How is that possible? I was only gone for a week. And a week with a major holiday in the middle of it? Everybody comes back from New Year's and wants to get their entire 2003 agenda completed before the 17th of January - And they all need me in on the meeting.

This coming week isn't going to be any better and, in fact, may actually be busier. I'm wondering at what point in 2003 will I get to work on any of the things that are on my personal agenda?

The trip east was great for firing my imagination, and I came home with plenty of interesting story ideas, but I've not yet had a chance to get any of them down in even the most basic notational form. I need to get to them before I lose them.

And so, maybe I'll try to get to them right now, while I have a few minutes to myself... Happy freaking new year...

Oh, and by the way, since most of my readers are also writers, here's a link to a contest on a friend's web site: Slice of Life - check the link for the details - win a Story Spinner!

Sunday, January 05, 2003

Happy New Year! We returned yesterday from our vacation trip east. We started out in Massachusetts, where we visited a few of my relatives (aunt, cousins, etc.), did a little site seeing (including my childhood homes), and did "First Night" - Boston's New Year's Eve celebration.

We had a great time, and it was Leslie's first experience with "real" winter weather.

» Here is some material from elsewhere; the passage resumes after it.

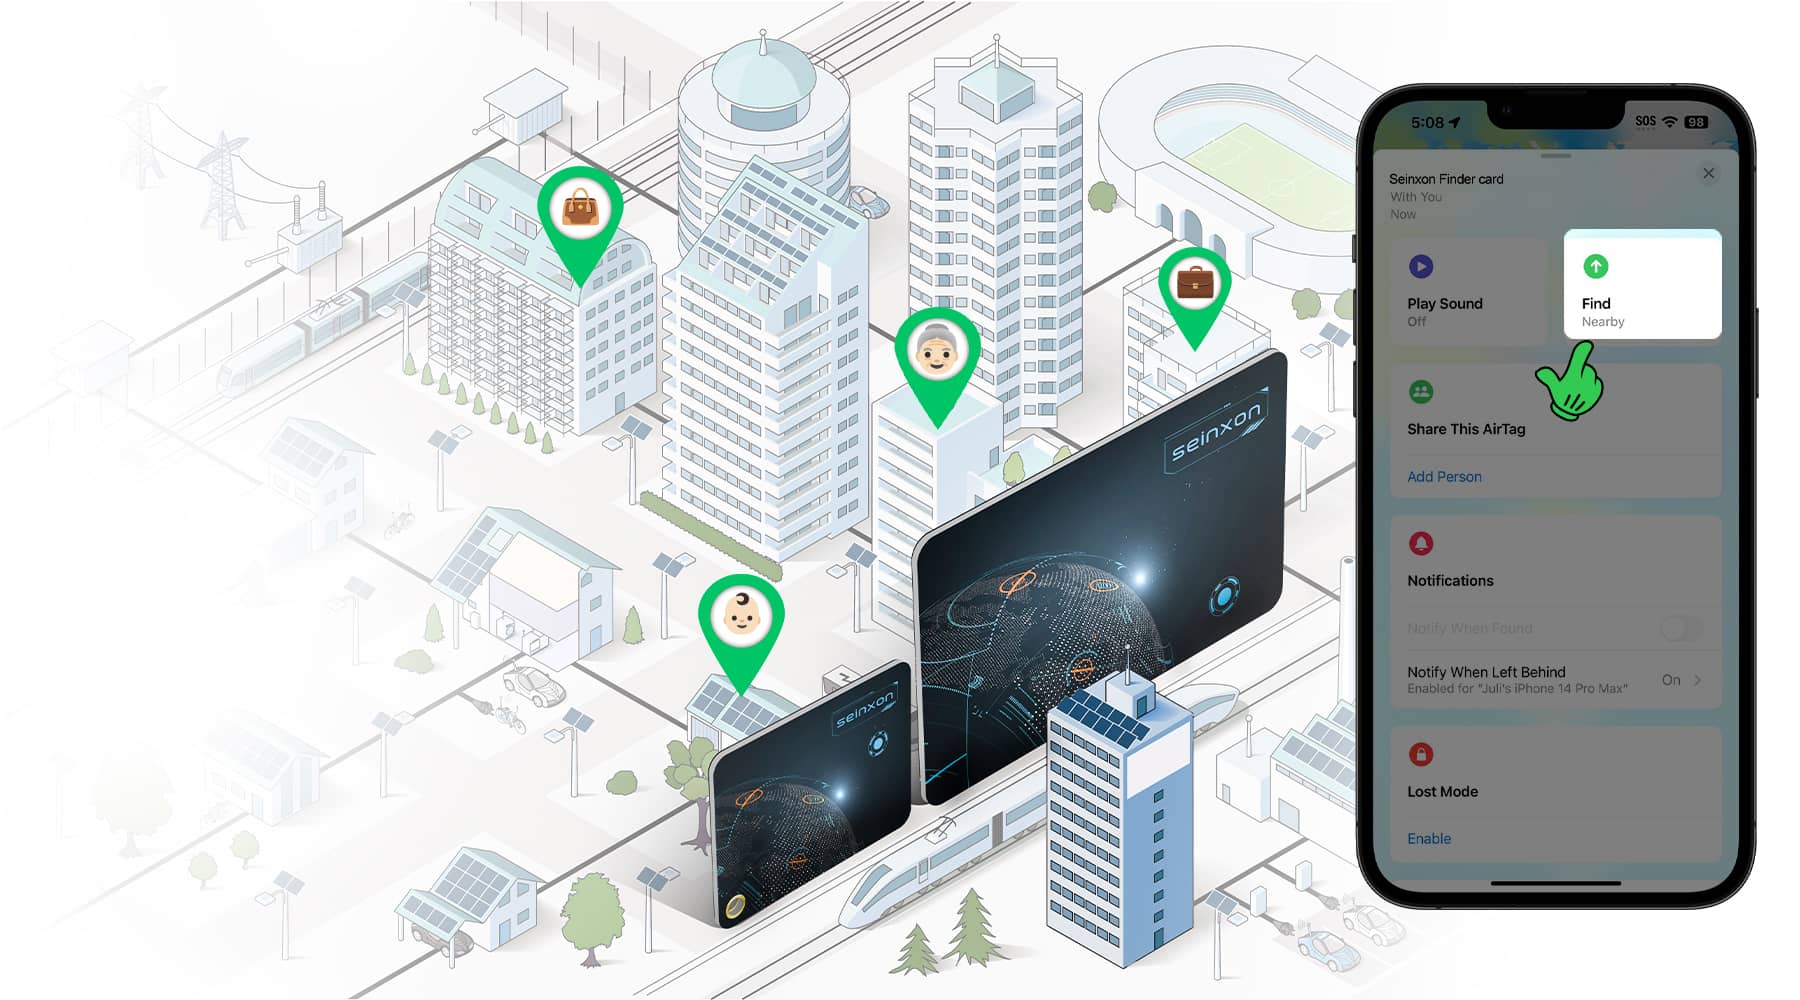 Interactive-city-map-showing-Seinxon-tracker-locations-with-a-smartphone-interface-displaying-the-tracking-app's-'Find-Nearby'-function-showcasing-the-urban-tracking-capabilities-of-Seinxon-devices.jpg__PID:263d96ef-5d66-4133-9fb1-290ec8223e12

Boston is a great city, and it's always a wonderful feeling to go back again. I think it's a city that's only gotten better in recent years, as well. I remember a time when it wasn't safe to out on the streets in many places after dark, yet we were walking around former danger areas past midnight each night we were there with no sense of doom. On the contrary, there were many people out on the streets, enjoying the city at night.

On New Year's Day we drove down to New Jersey, across Connecticut and a corner of New York state, in the pouring rain. Parts of it were a bit harrowing, but we made it safely, and in time for a home-made dinner at Leslie's great-aunt's house.

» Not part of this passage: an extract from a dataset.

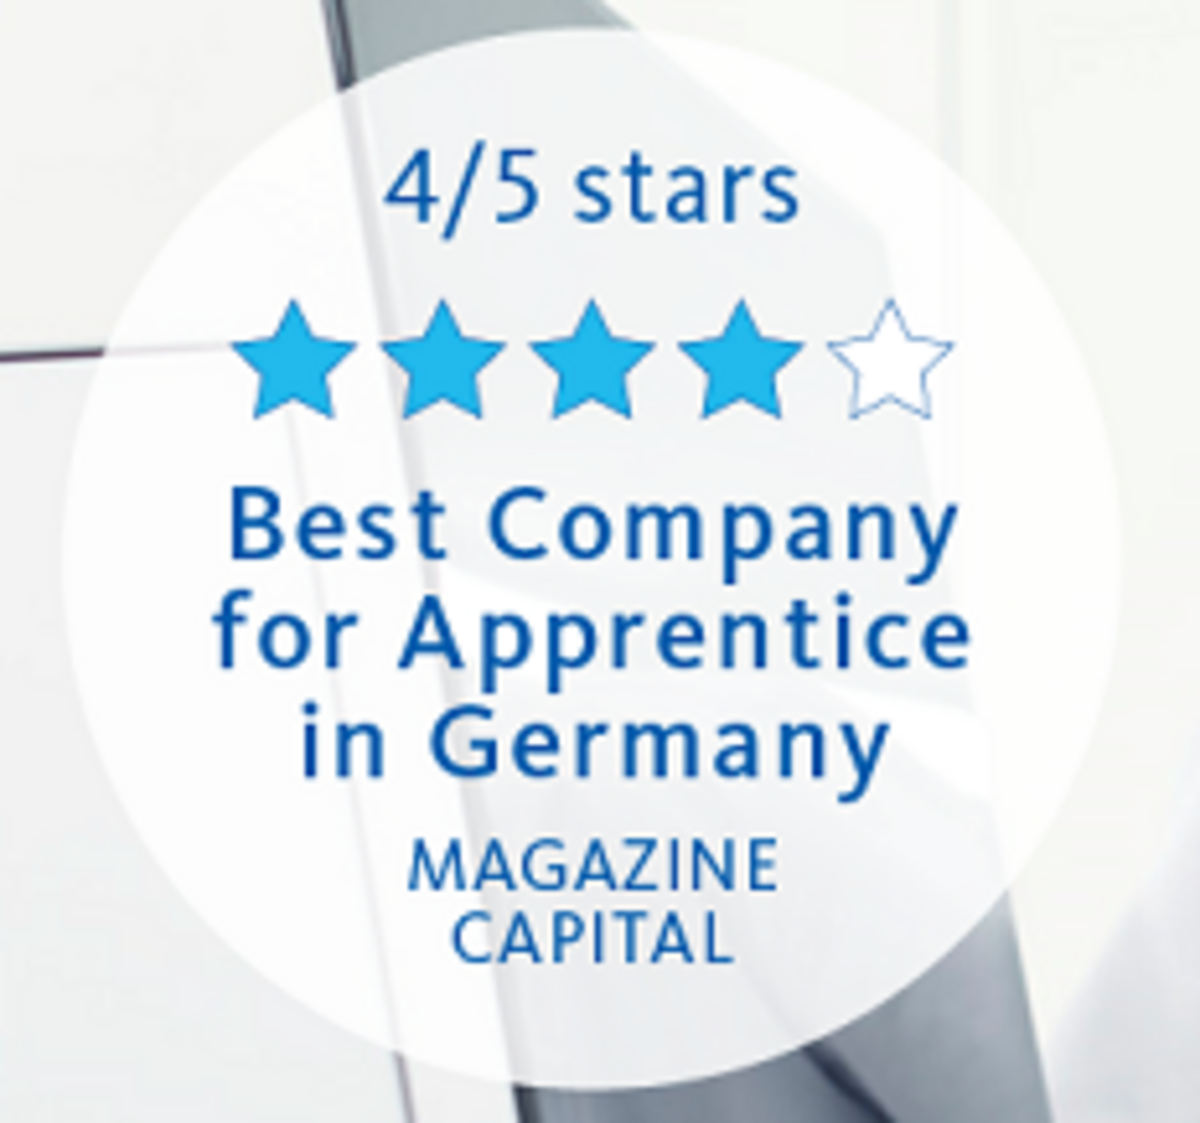 Best company for Apprentice in Germany

We spent a few days with the NJ family, including a one-day side trip into New York City with one of Leslie's cousins as our tour guide. Even with the sleet and the rain, we had a great time in the city. A highlight being our visit to Rupert Jee's Hello Deli. If you don't know what that is, you need to start watching David Letterman. Rupert was very nice and was very cool about posing for a picture with us.

Another New York highlight, which was a theme of the whole trip, was the food. In NYC we had the best hot pastrami I've ever tasted in my entire life at Katz's in the Lower East Side. Also, a real Nathan's hot dog (the franchised Nathan's outside NYC are NOT the same thing).

In Boston, it was pizza, more pizza, Italian dinners, and sea food. The pizza of my youth is from Regina's, and it's still excellent, beating the crap out of any pizza-like object you can get in California. I had a shrimp dish at Mother Anna's in the North End that was also to die for (with butter, Marsala sauce, and cheese). Also, Legal Sea Food for the lobster. And plenty to drink as well, ending almost each night at O'Conner's for a night cap.

The amazing part of the whole thing is that I gained back less than two pounds (of the 30 I lost in 2002). It's because of all the walking we did around each of the cities, as well as the extra calories we burned just trying to keep warm.

Now, today, back in the San Jose area, we're walking around in just a shirt, with no coat, scarf, or gloves, and enjoying the California sunshine. But, there's a part of me that will always be back in Boston, freezing my ass off, but loving every moment of it.